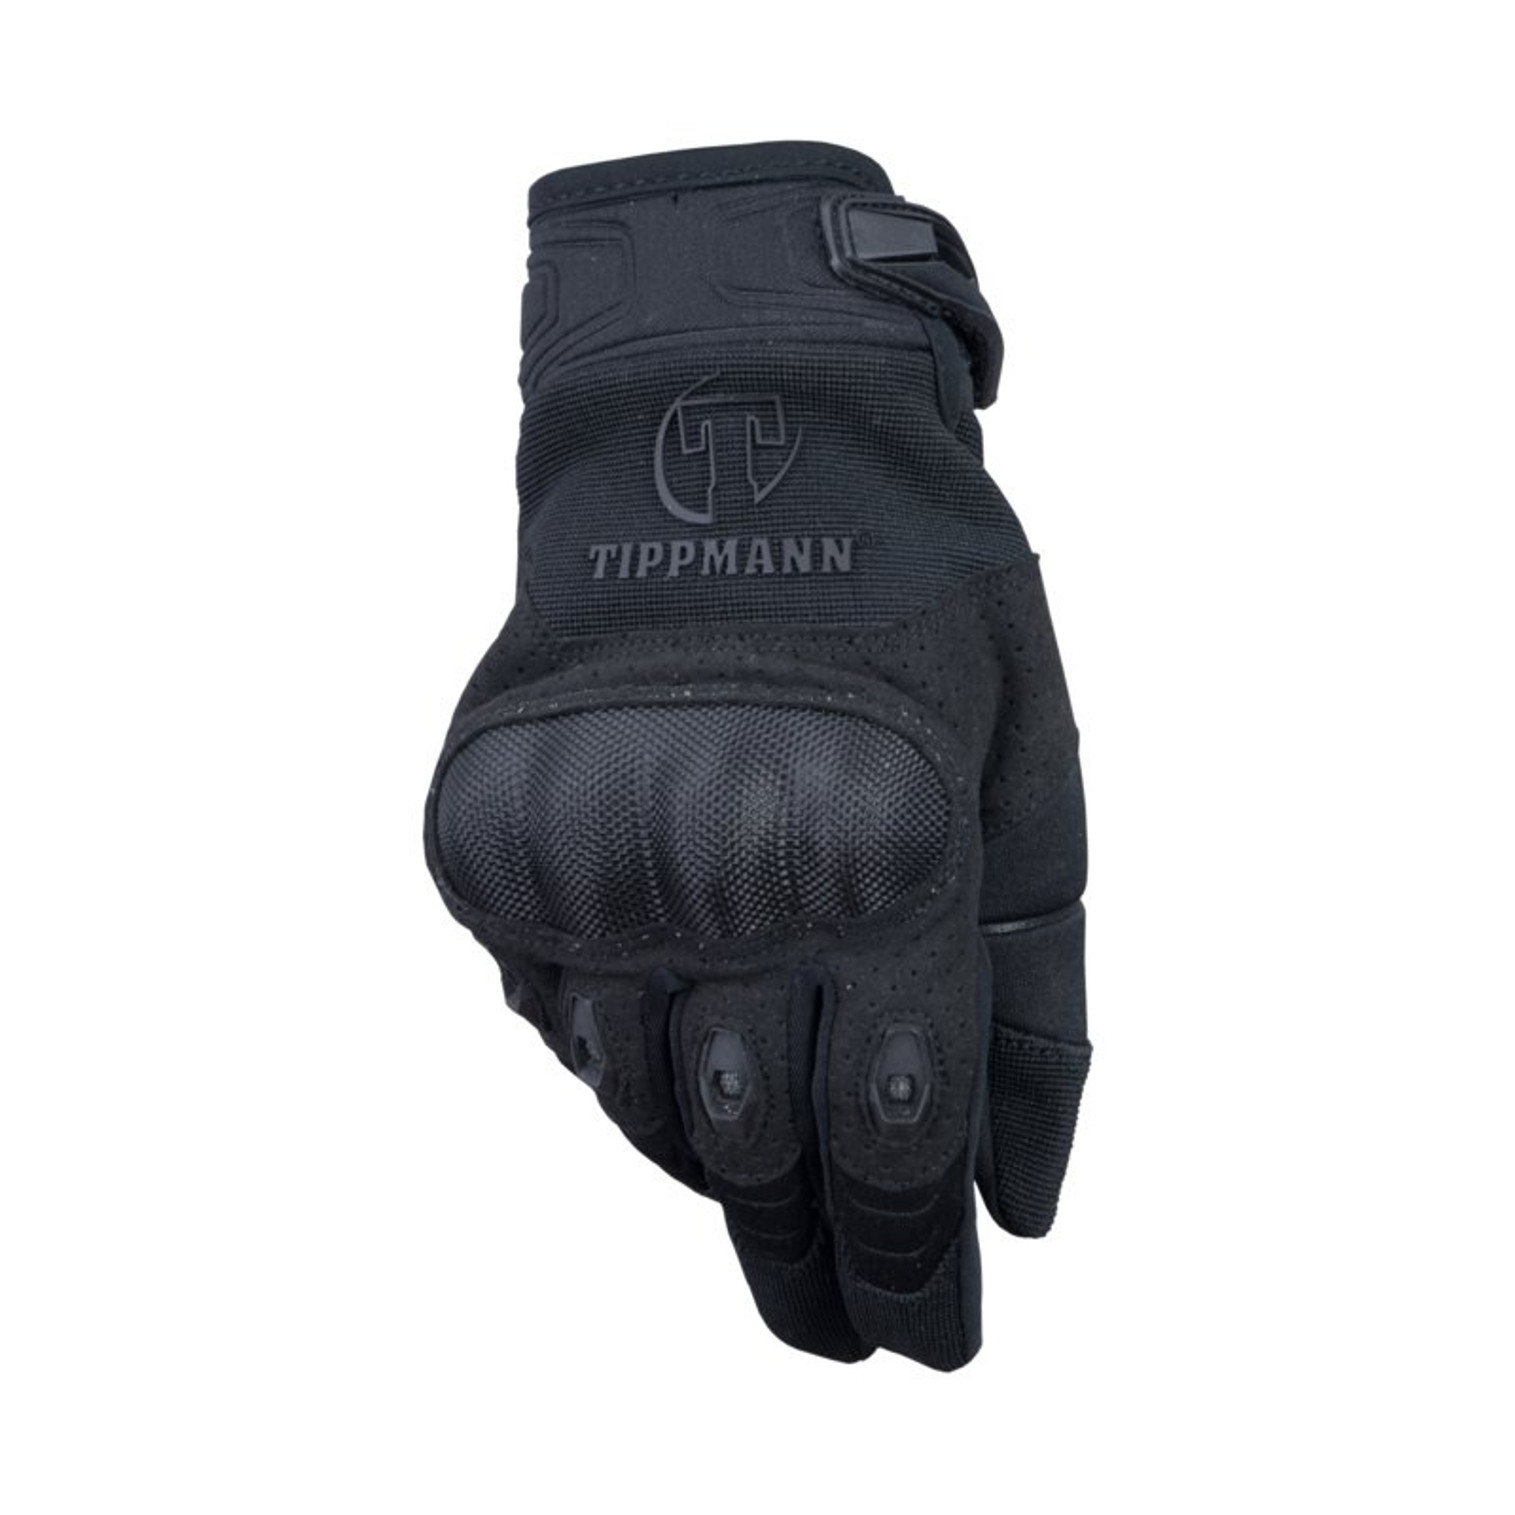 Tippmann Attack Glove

...

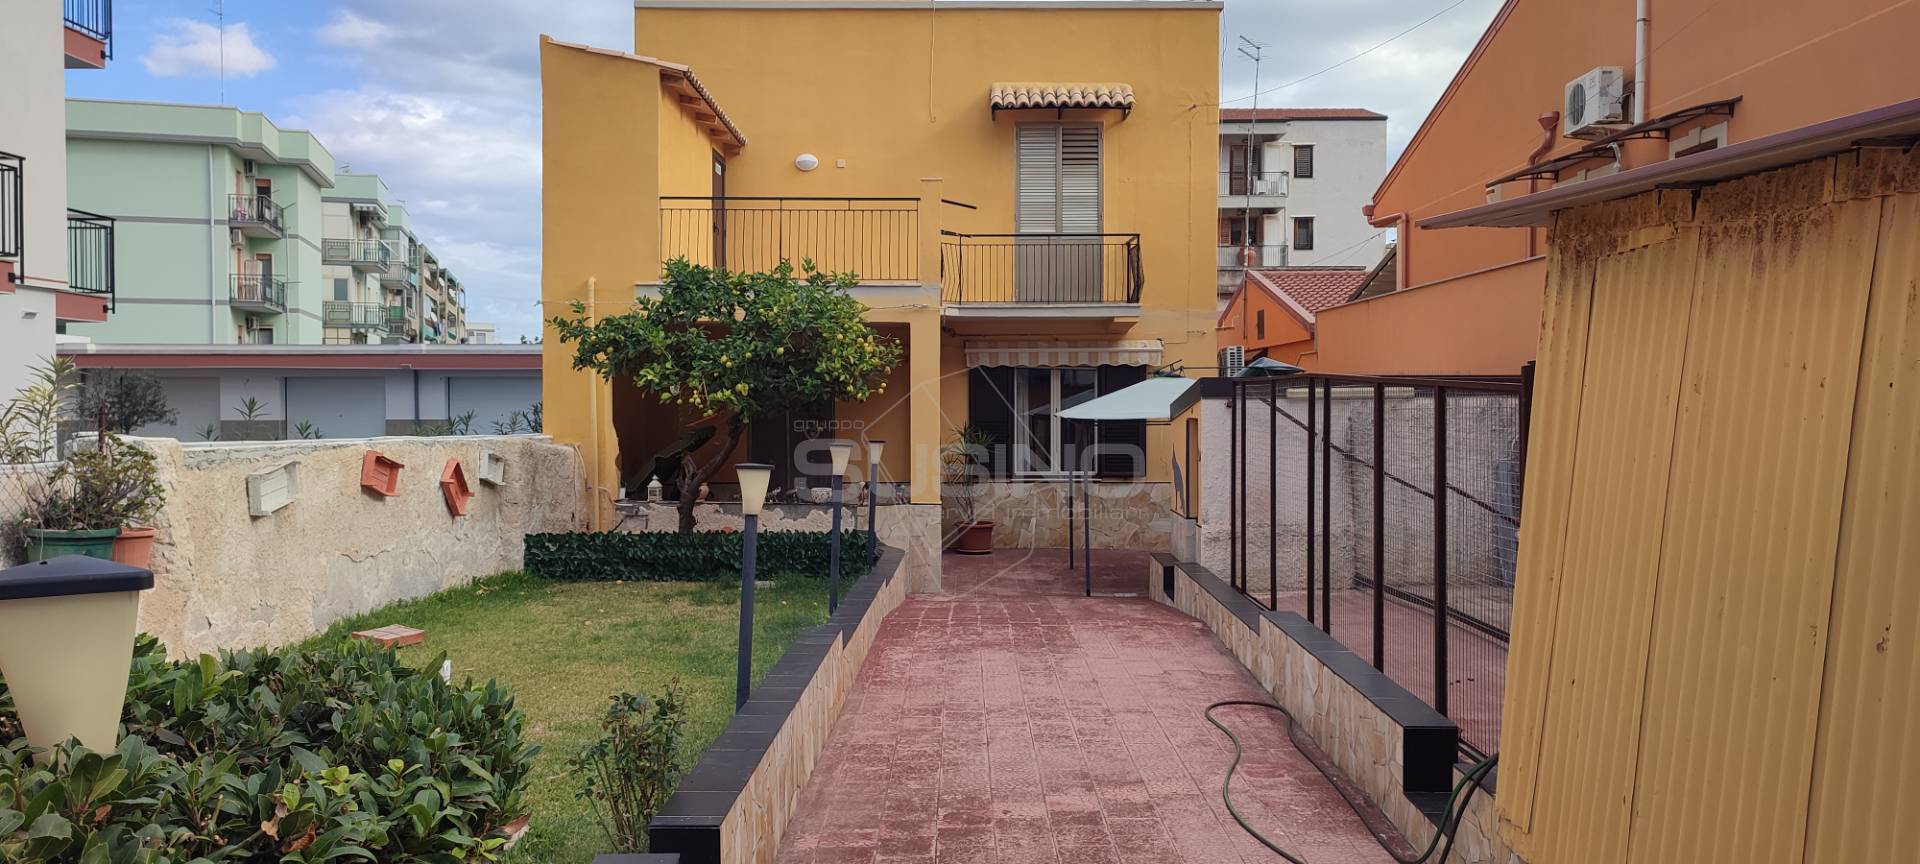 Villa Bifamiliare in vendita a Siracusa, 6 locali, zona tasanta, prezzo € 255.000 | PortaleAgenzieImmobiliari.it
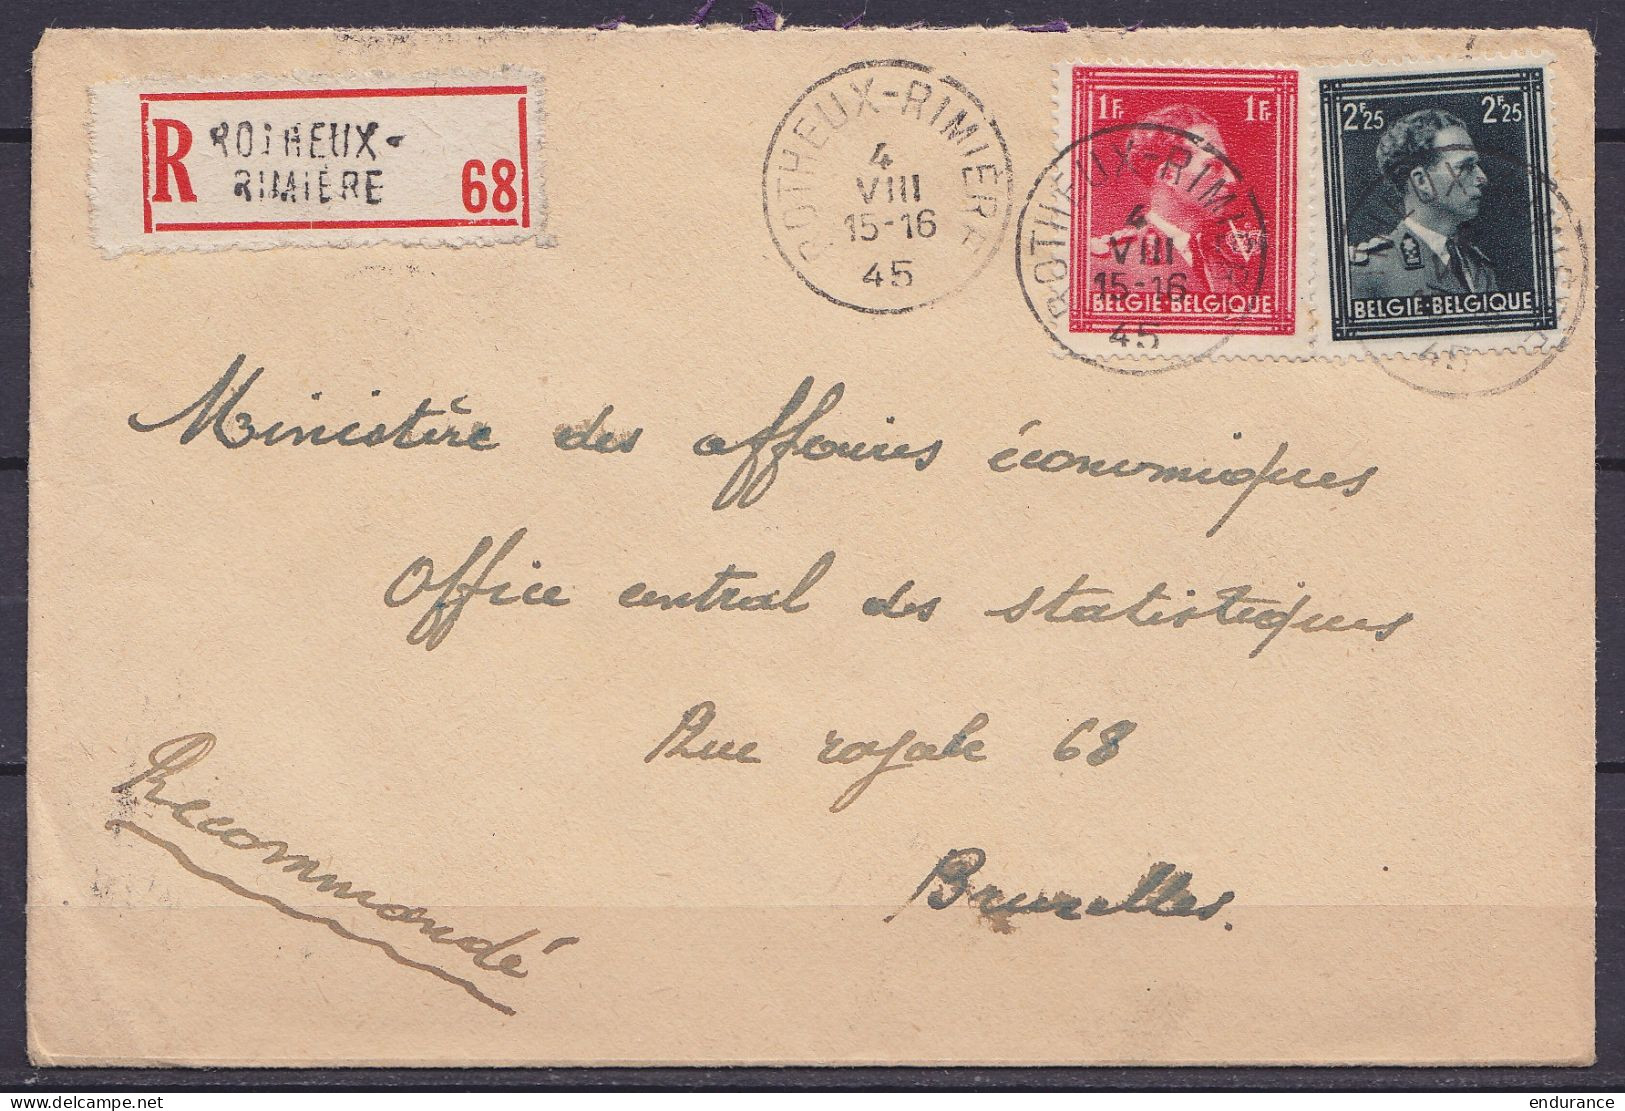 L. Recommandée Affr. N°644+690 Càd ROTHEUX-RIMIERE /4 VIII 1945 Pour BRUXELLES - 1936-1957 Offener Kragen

| What to produce |
Transcribe, word for word, the lines of the listing above from the one that contains "Villa Bifamiliare in" through the one that contains "L. Recommandée Affr.", keeping both ends and dropping the pictures.

| Result of the task |
 Villa Bifamiliare in vendita a Siracusa, 6 locali, zona tasanta, prezzo € 255.000 | PortaleAgenzieImmobiliari.it
 L. Recommandée Affr. N°644+690 Càd ROTHEUX-RIMIERE /4 VIII 1945 Pour BRUXELLES - 1936-1957 Offener Kragen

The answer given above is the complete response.